3.5.2. Image Labeling

Using the labeling application “LabelIMG”, which forms a box around the object to be detected and sets five values for the object, each class was given a name, as shown in Figure 11. Labels included a value or number for the class, two values for the object’s location represented by X and Y, and additional values for the object’s size, as seen in Figure 12. We stored these values in an XML file. Each image in the class, as well as the other classes, underwent this procedure.

3.5.3. Dataset Division

Following the collection and labeling of the images in YOLO format, the image and label files were divided by 80% and 20%, respectively, for training and validation.

3.5.4. YOLOv6 Selection and Training

YOLO is a well-known object detector in terms of accuracy and speed. At the time of the study, YOLOv6 is the latest version, which is the best one compared to other versions. When we obtained the dataset for the model’s training, due to the large size of the photos, which caused training issues, the model did not perform well. Therefore, we changed the image size and repeatedly retrained the model using the new dataset. We trained the model for 400 iterations in the initial training; for training purposes, we used Google Collab, which took approximately 4 h for training purposes at 400 iterations. As shown in Figure 13, the accuracy increased over time; at iteration 100, it was 44%; at iteration 150, it was 96%; and at iteration 400, the rate of loss began to decline. It continued declining through iteration 200 and reached a low point at iteration 300, where it was 1.52. The first training stage finished at this point.

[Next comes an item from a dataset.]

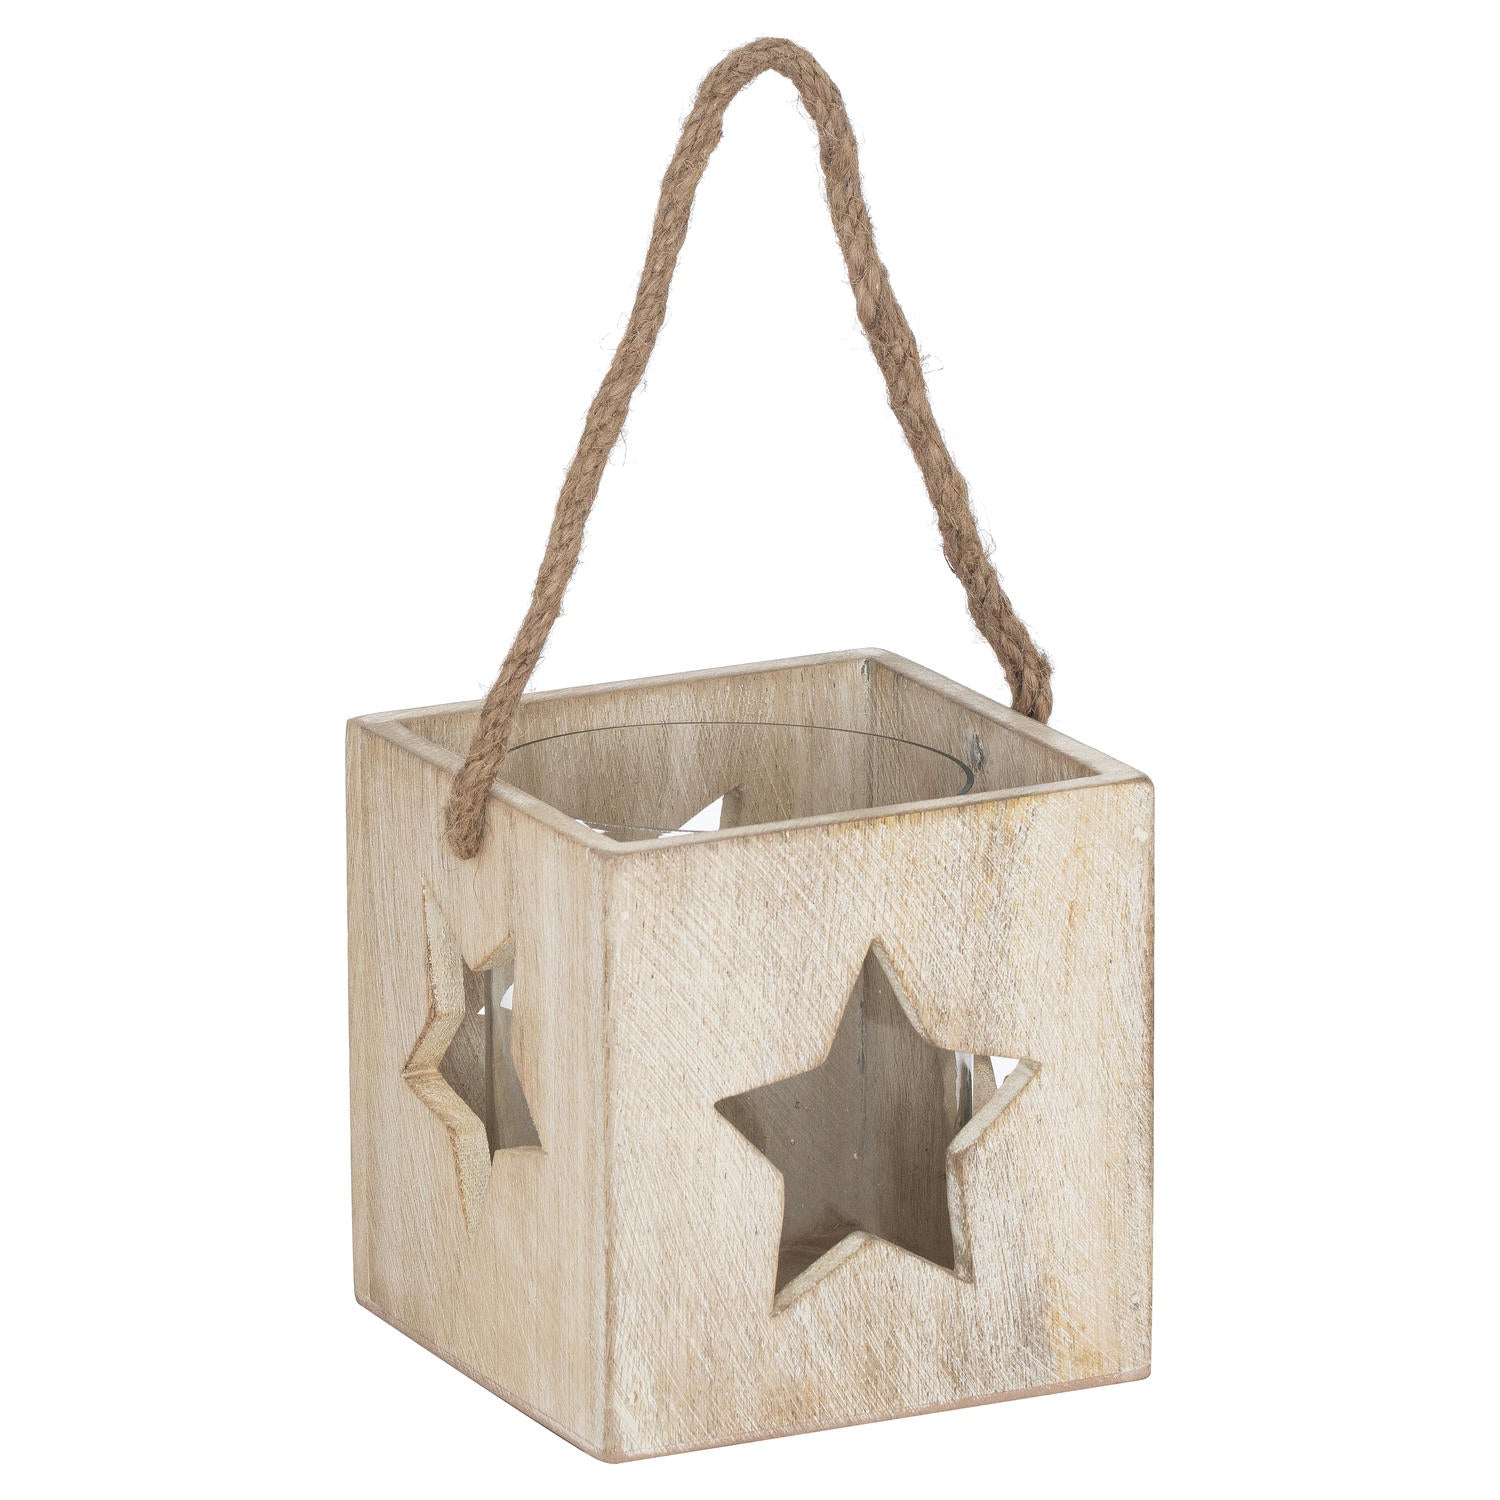 View Washed Wood Large Star Tealight Candle Holder information

As we can see, when increasing the number of iterations, the training object loss and training class loss both decreased, and the mAP also increased up to a specific point and stopped at a specific point. We could not achieve a further positive effect by increasing the number of iterations. These losses also satisfied the tested data, with small amount of variation, but still provided satisfactory results, as seen in the lower row of Figure 13. Increasing the number of iterations does not guarantee better outcomes. Although we raised the number of iterations, the training was ended because we did not see any positive effects. The current average loss no longer decreased.

4. Evaluation of Proposed Models

In the following subsections, we describe the evaluation results of each proposed model, including examples of test images.

4.1. Evaluation of LSTM Model Results

The results of applying deep learning models to recognize common, straightforward message postures such as “hello”, I love you”, “thanks”, “sorry”, and “my name”, and alphabets in American Sign Language, are discussed in this section. The data collected in this section did not rely on preprocessed information but rather were gleaned from the collection of different face and complete body landmarks using a computer webcam. The necessary dependencies had to be installed and exported in Python in order to accomplish this. Then, using the MediaPipe holistic, important details were extracted from the various facial and position markers. The fundamental point values for the various landmarks were then applied at various positions in the model. These images were 150, 30, and 1662 pixels in size, respectively. This implies that the breadth was 30 (inconsistent) and the length was 150. The CNN model, as previously stated, only accepts photos with identical height and width measurements. As a result, the LSTM model was developed, trained, and tested solely with the image dataset gathered for this model. The dataset was divided into two sets, with 70% used for training and 30% used for testing.

Accuracy can change in both directions during training and testing, with positive and negative results possible depending on how the created model performs. Both the testing and training of the LSTM model were monitored and left unattended for 40 iterations in this experiment. The accuracy was 37% during training and 33% during testing. As the training progressed, the rate of rise became unstable, and the training accuracy increased in an erratic manner. Furthermore, the rate of increase remained erratic even as the testing accuracy increased, as the forty-first iteration approached. The LSTM model had a 20.5% value, with the lowest training accuracy of 49.0%, and the model attained the highest training accuracy of 89.8%.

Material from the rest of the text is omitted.